We have previously held that "[w]here the rule established by Fitzpatrick prohibiting the disqualified attorney from 'personally assist[ing], in any capacity, in the prosecution of the charge, ' . . . is violated, disqualification of the entire state attorney's office is appropriate." Popejoy v. State, 597 So.2d 335, 336 (Fla. 3d DCA 1992) (quoting Castro v. State, 597 So.2d 259, 261 (Fla. 3d DCA 1985)).
Neither McMahon's nor Minner's motions are sworn motions, and the State, in its response to the two Petitions, has not conceded the truth of the allegations in either motion. Indeed, the State argues that the absence of any sworn evidence is fatal to the motions below and the Petitions here. Further, Mr.
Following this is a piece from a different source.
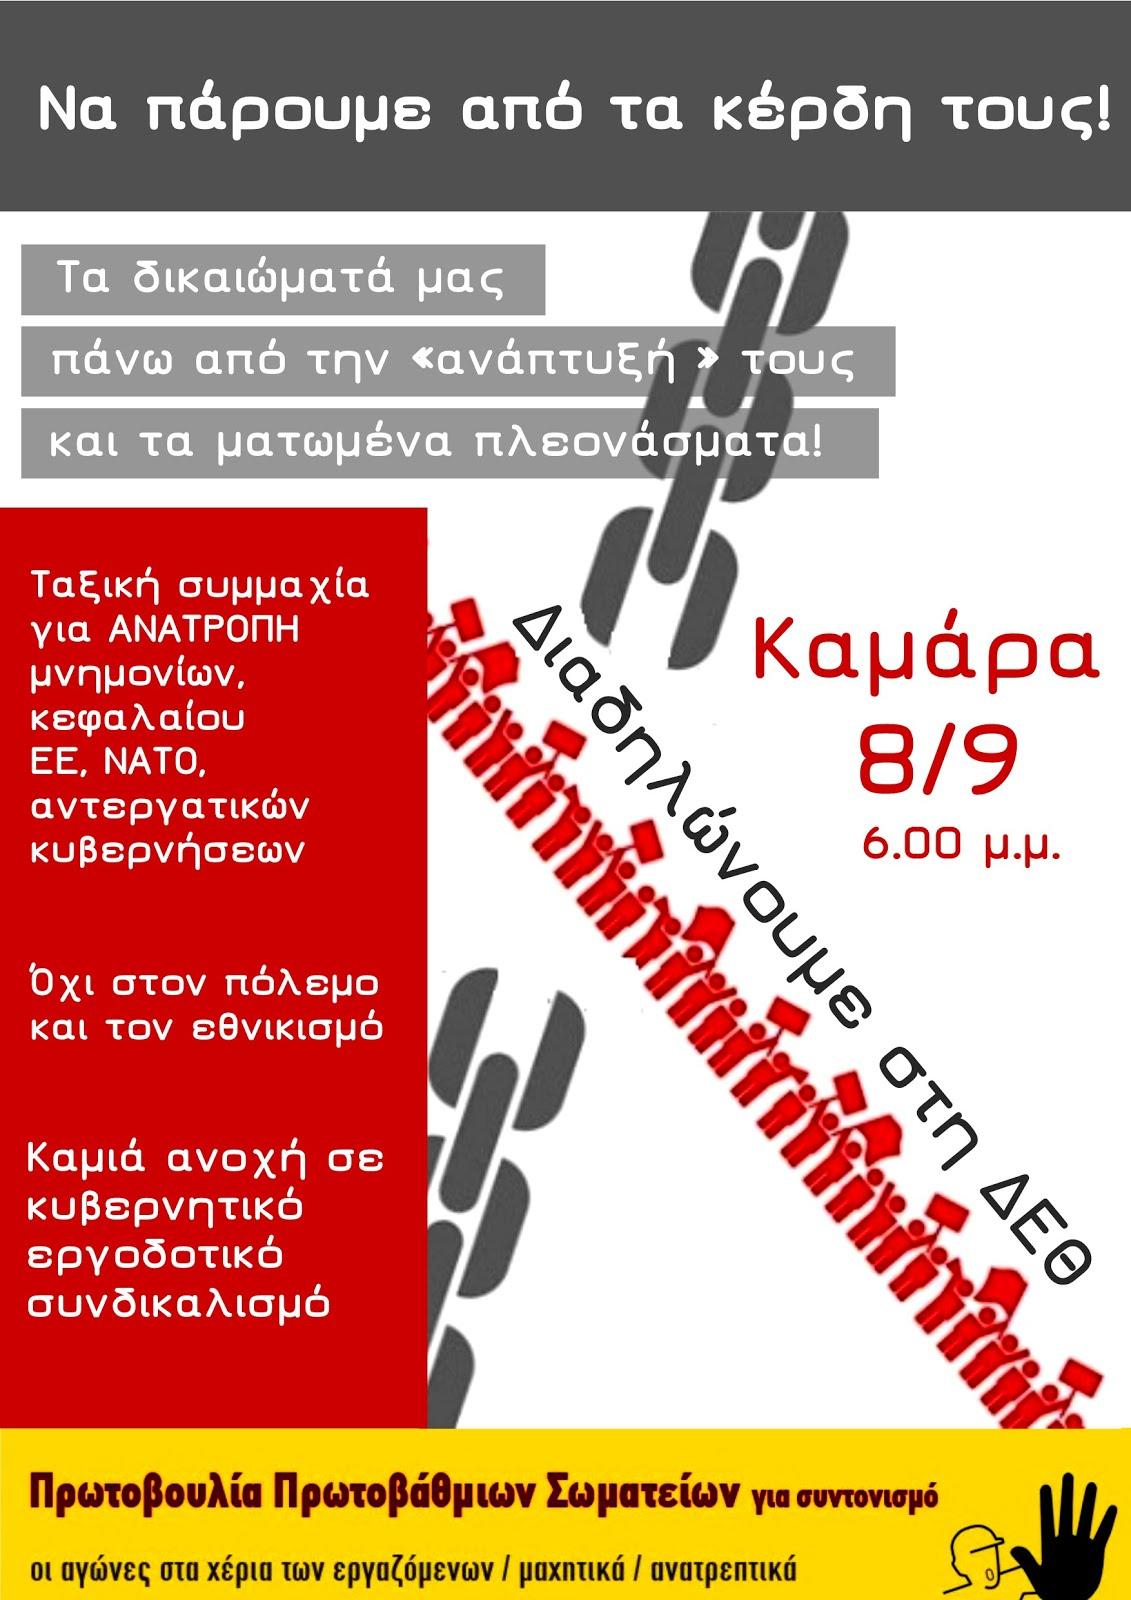 Συγκέντρωση ΔΕΘ 2018, Καμάρα-Θεσσαλονίκη, 8 Σεπτέμβρη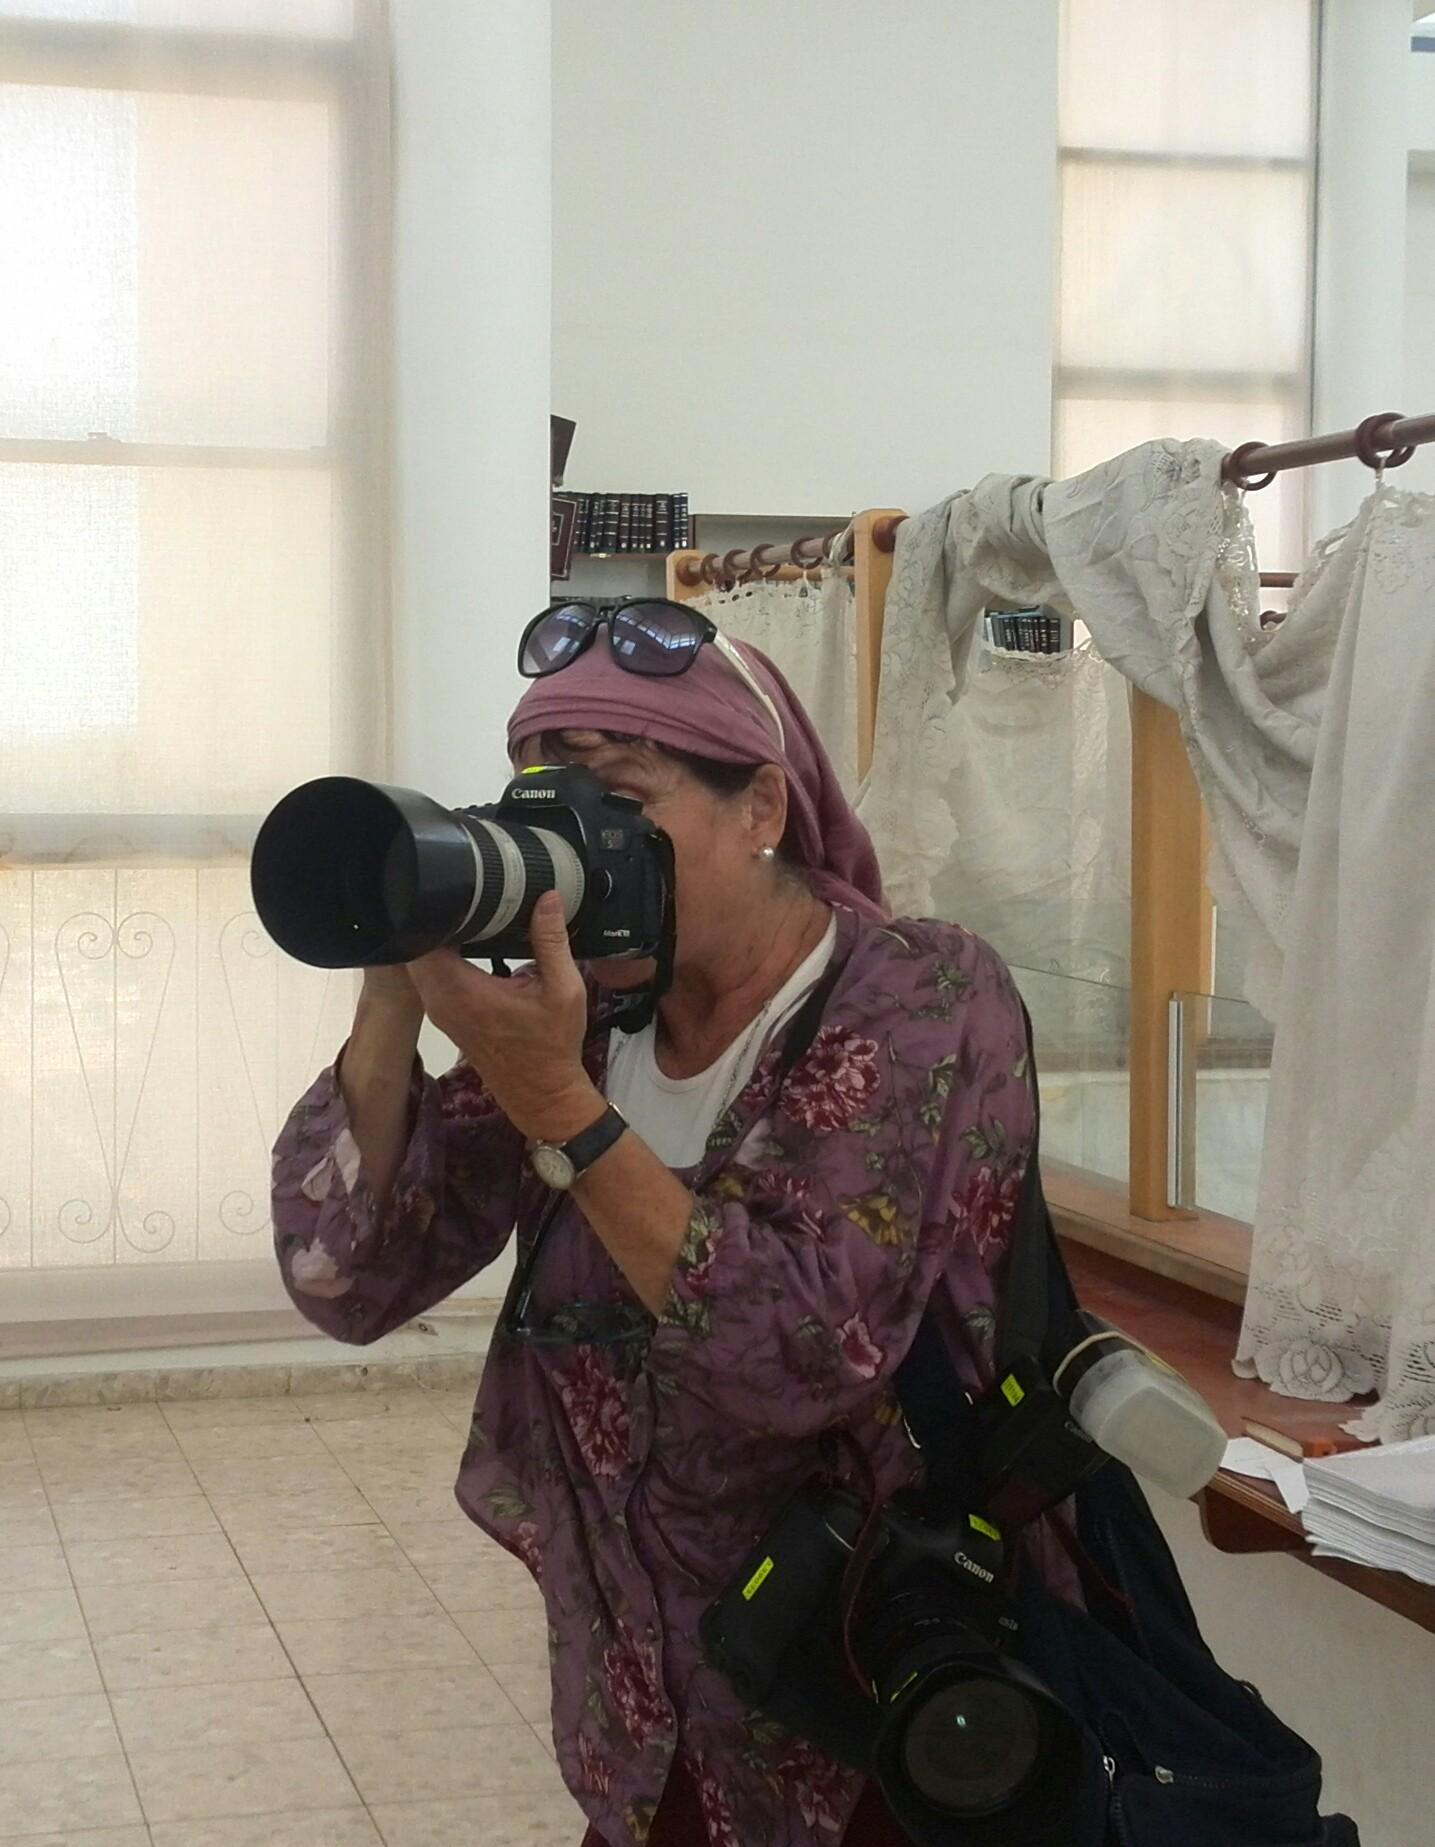 Image of Miriam Zahi from Wikidata

Moses appears to dispute any allegation that he was "involved" in these cases, telling the judge at the hearing: "I haven't touched these cases in any prosecutorial nature since I've had them."
Because there are factual issues that remain in dispute and require resolution, we grant the Petitions in both cases and quash the orders denying disqualification of the entire Monroe County SAO. Cf. Knespler v. State, 314 So.3d 287, 290 (Fla. 3d DCA 2020) (concluding that the trial court did not abuse its discretion in denying Knespler's motion to disqualify the entire Monroe County SAO where the unrefuted testimony established that the attorney sought to be disqualified had not provided any confidential information gained from the defendant to anyone in the entire Monroe County SAO and had not assisted in any capacity in the prosecution of the defendant's case).
Petitions granted. Orders quashed.
We stop short of remanding with instructions because these cases are before us on certiorari review. See, e.g., Piquet v. Clareway Props. Ltd., 314 So.3d 423, 428 (Fla. 3d DCA 2020) ("[T]his Court's authority, on certiorari review, is limited to quashing the lower court's order."); Gulf Oil Realty Co. v. Windhover Ass'n, Inc., 403 So.2d 476, 478 (Fla. 5th DCA 1981) ("[W]hen an appellate court reviews a lower court order, there is a procedural distinction between review by certiorari and review by appeal. On appeal, an appellate court has authority to reverse an order or judgment and remand with directions or instructions for the trial court to follow. However, after review by certiorari, an appellate court can only quash the lower court order; it has no authority to direct the lower court to enter contrary orders.").